In this debut novel, a Croatian immigrant forges a life for himself at the start of the 20th century.

When 16-year-old Martin Petrovich leaves his hometown of Dubrovnik on a ship bound for the United States, he knows that he may never see his parents and siblings again. An uncle he has never met is waiting to give him a job in San Francisco. Then Martin can send money home to his relatives. Under his uncle’s tutelage and full of his own ambition, Martin resolves to work hard and learn everything he can in hopes of establishing a business of his own. Yet soon the devastating earthquake of 1906 brings the city to its knees, destroying buildings and taking the lives of many loved ones. In the aftermath, Martin settles in Watsonville, a California town that holds fewer painful memories. Over the course of the novel’s ambitious scope, King neatly summarizes many important political and cultural moments of the time. Martin is affable and honorable, verging on excessively flawless. During his long and rich life, readers see him pour his soul into opening a restaurant, struggle with the law during Prohibition, serve as a naval convoy escort during World War I, and watch his own sons enlist in World War II. A special virtue of the story is the author’s focus on the diversity of the Watsonville population and the changing sentiments of the American public toward specific nationalities.

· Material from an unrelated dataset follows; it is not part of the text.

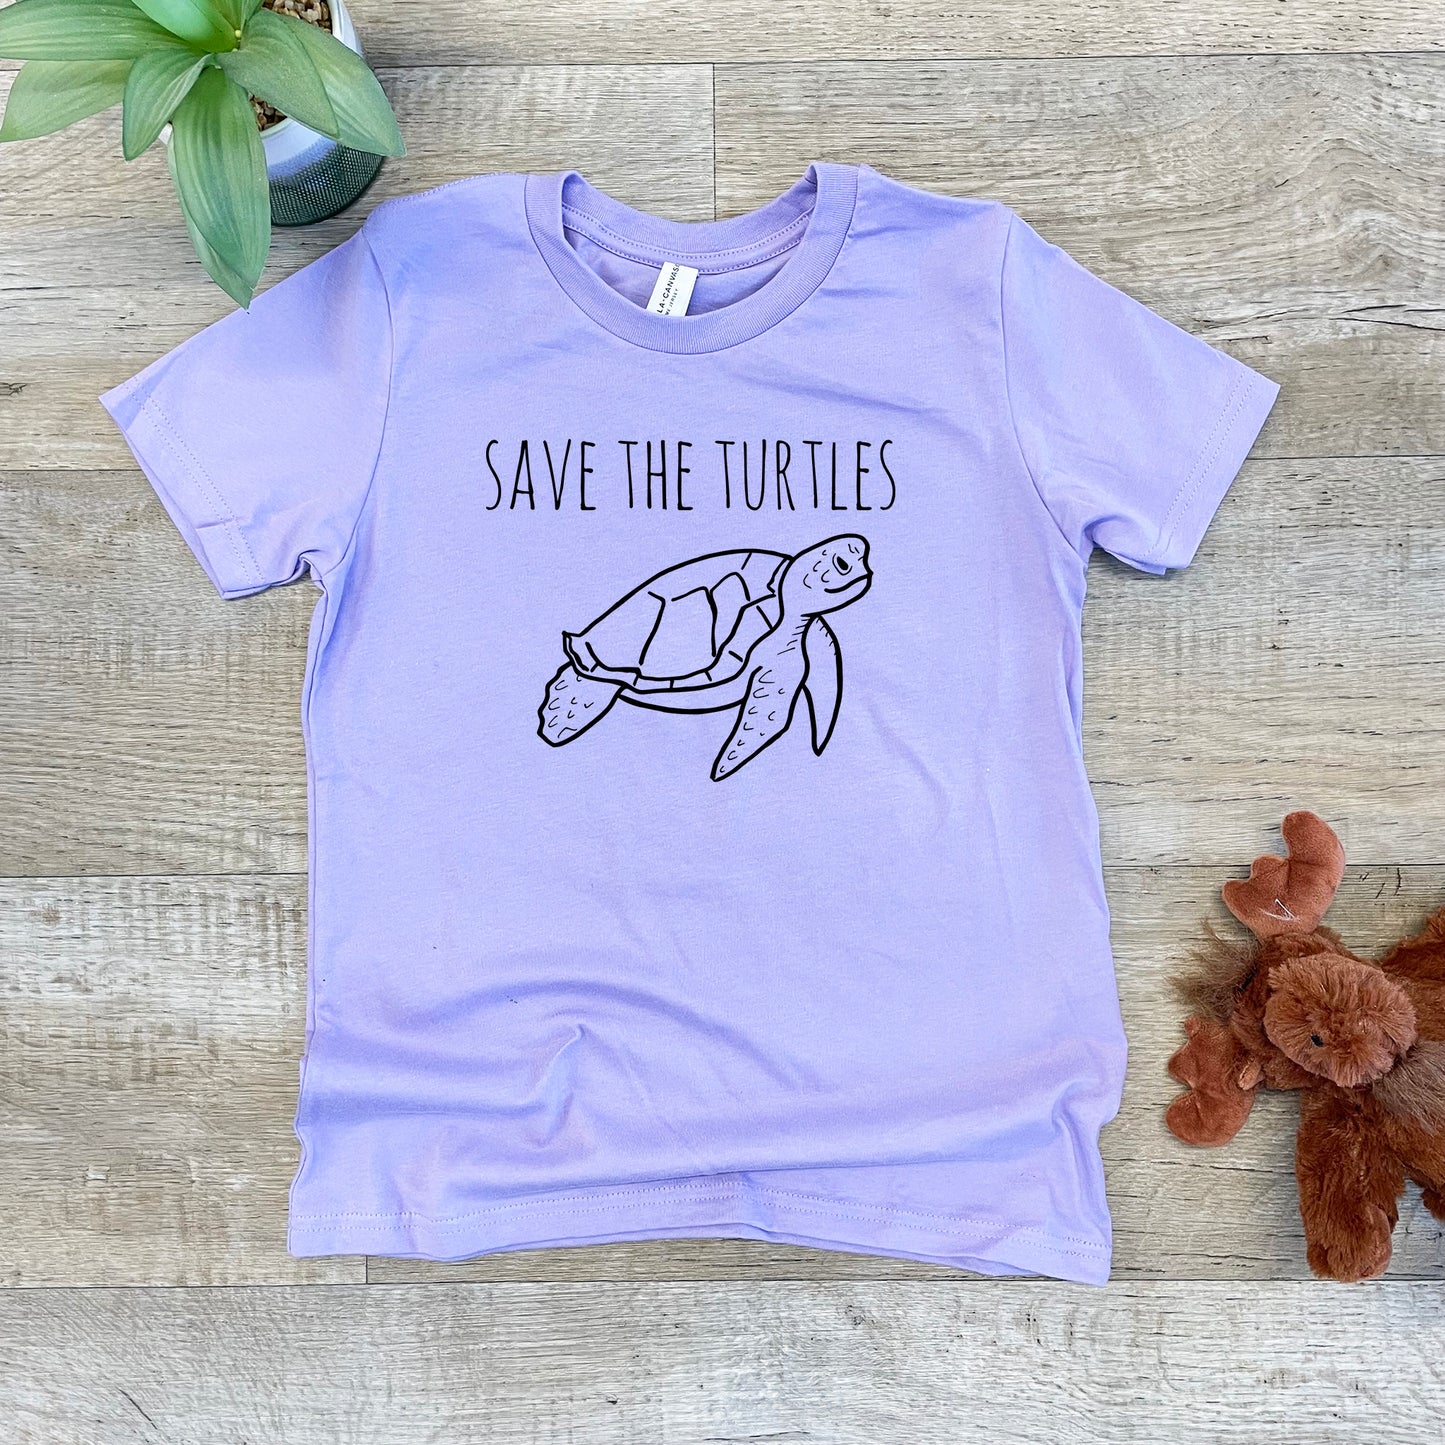 Save The Turtles - Kid's Tee - Columbia Blue or Lavender

In addition to the large band of Croatian American characters the protagonist befriends, standouts in the cast include Ken Nakamura, a Japanese American community leader whose family is placed in an internment camp, and Hector Lopez, a Mexican laborer who helps Martin maintain Ken’s farm in his absence. Through these relationships, King and her players advocate for universal kindness and acceptance of marginalized groups. A slogan created to unite the town summarizes Martin’s own outlook best: “Strength in diversity. Unity in cooperation.” Although the writing occasionally sounds very similar to a history textbook, Martin’s tale is full of perseverance, integrity, and humanity.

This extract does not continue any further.